Peonies are native to Asia, Europe, and Western North America. Early in Chinese history, the peony was considered the national flower (although it's now officially the plum blossom). The Tang Dynasty of China began breeding peonies in the imperial courts in the 7th century BCE. Their popularity spread to Japan in the early 11th century and France and England in the 18th century. Then, in the late 1800s and early 1900s, they began gaining popularity in the U.S. The peony even became the state flower of Indiana in 1957, replacing the zinnia for the honor.

The peony is named after Paeon (also spelled Paean), who was a student of Asclepius, the Greek god of medicine and healing. One version of the story goes that Paeon, known as the healer of the gods, used a peony to treat a wound for Zeus. When Asclepius became murderously jealous of his pupil, Zeus saved Paeon by turning him into a peony flower.

Aside from their fragrance and wide availability as cut flowers, peonies are a common flower choice among brides, thanks to their symbolism. They represent romance and love and are considered a good omen of a happy marriage. They're also the traditional flower for 12th wedding anniversaries.
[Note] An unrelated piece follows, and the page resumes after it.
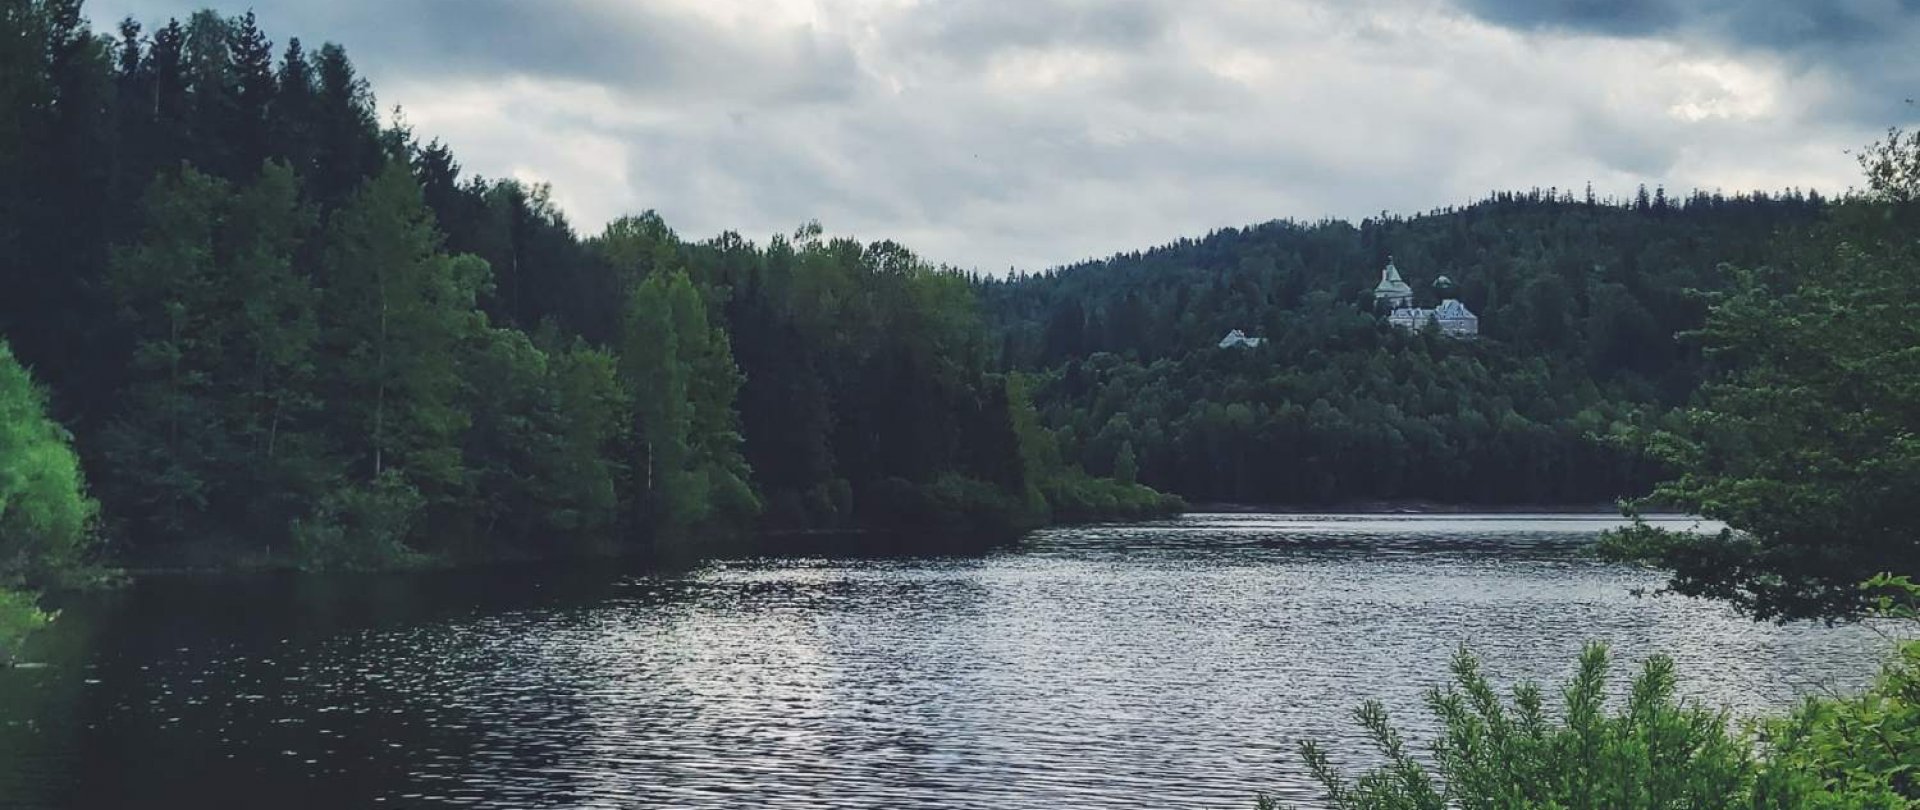 Černianské jezero - krajinářská atrakce ve městě Wisła

Interestingly, during the Victorian Era, the flowers represented shame and shyness. In China and Japan, they stand for strong and positive virtues, such as bravery, honor, respect, nobility, good fortune, and prosperity.
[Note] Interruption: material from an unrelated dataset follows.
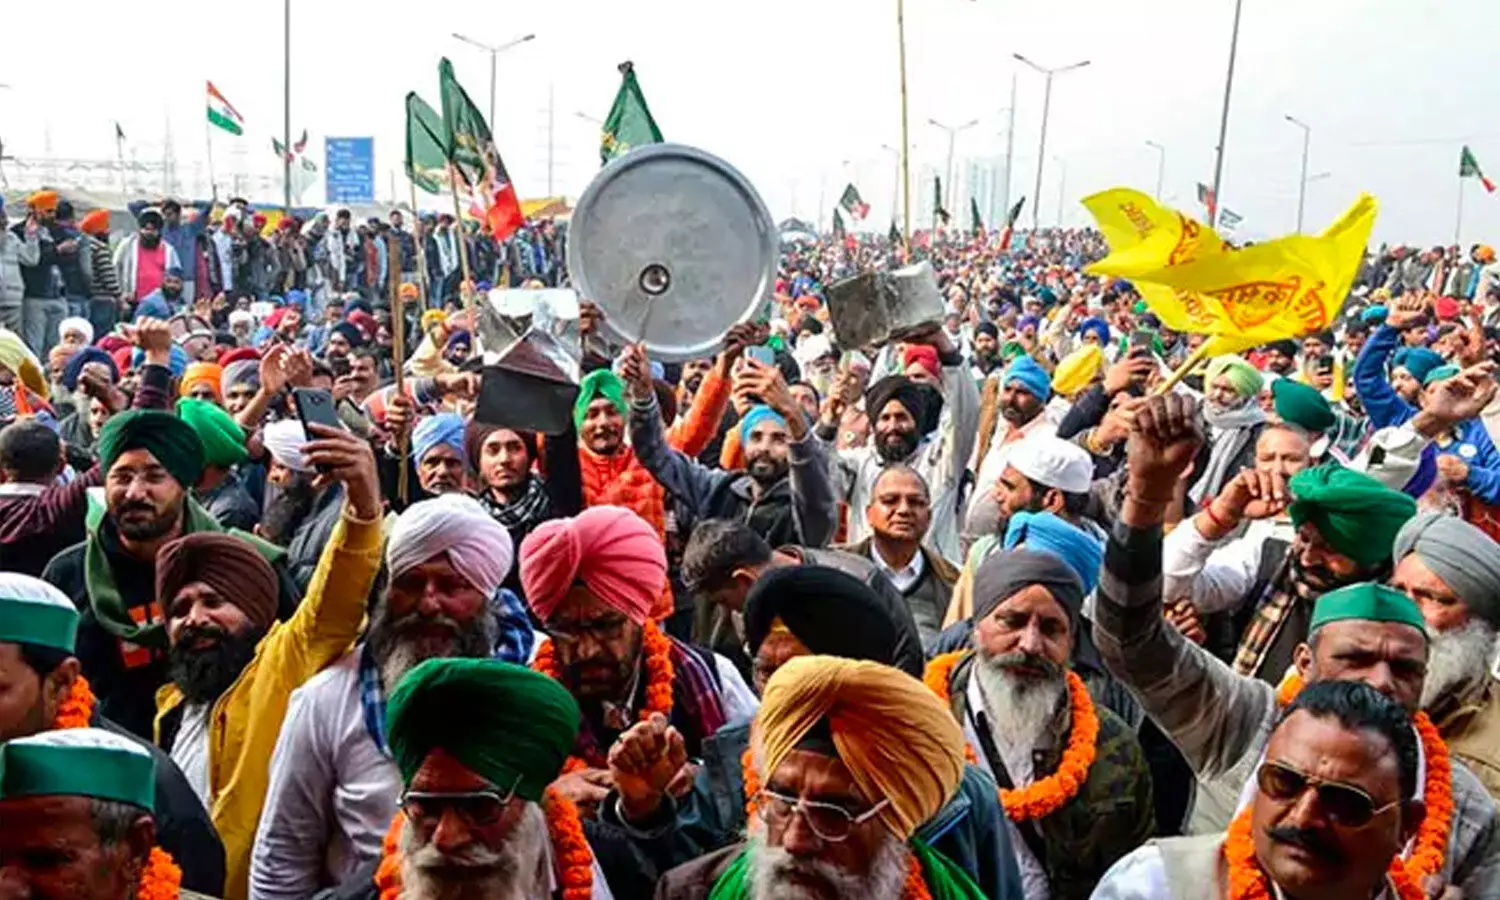 Kisan Protests: Delhi farmers protest march in Delhi

Universally, the peony stands for honoring your word, apologizing when you have wronged another and simplistic beauty found in a woman. Specific variations can be found tied to the exact color of a bloom that extends from love to mourning.

Another symbolic meaning of the peony is “shyness” where a stem of the flower can be translated into “blushing girl”. In French culture, there is even an expression that says, “as red as a peony”. Other lure uses this symbolism to express embarrassment, which is referenced in several poems about nymphs and fairies covering their naked bodies with peony petals from prying eyes. Myth says that it is extremely harmful to your karma to ever remove a rooted peony from your landscaping once it has been planted.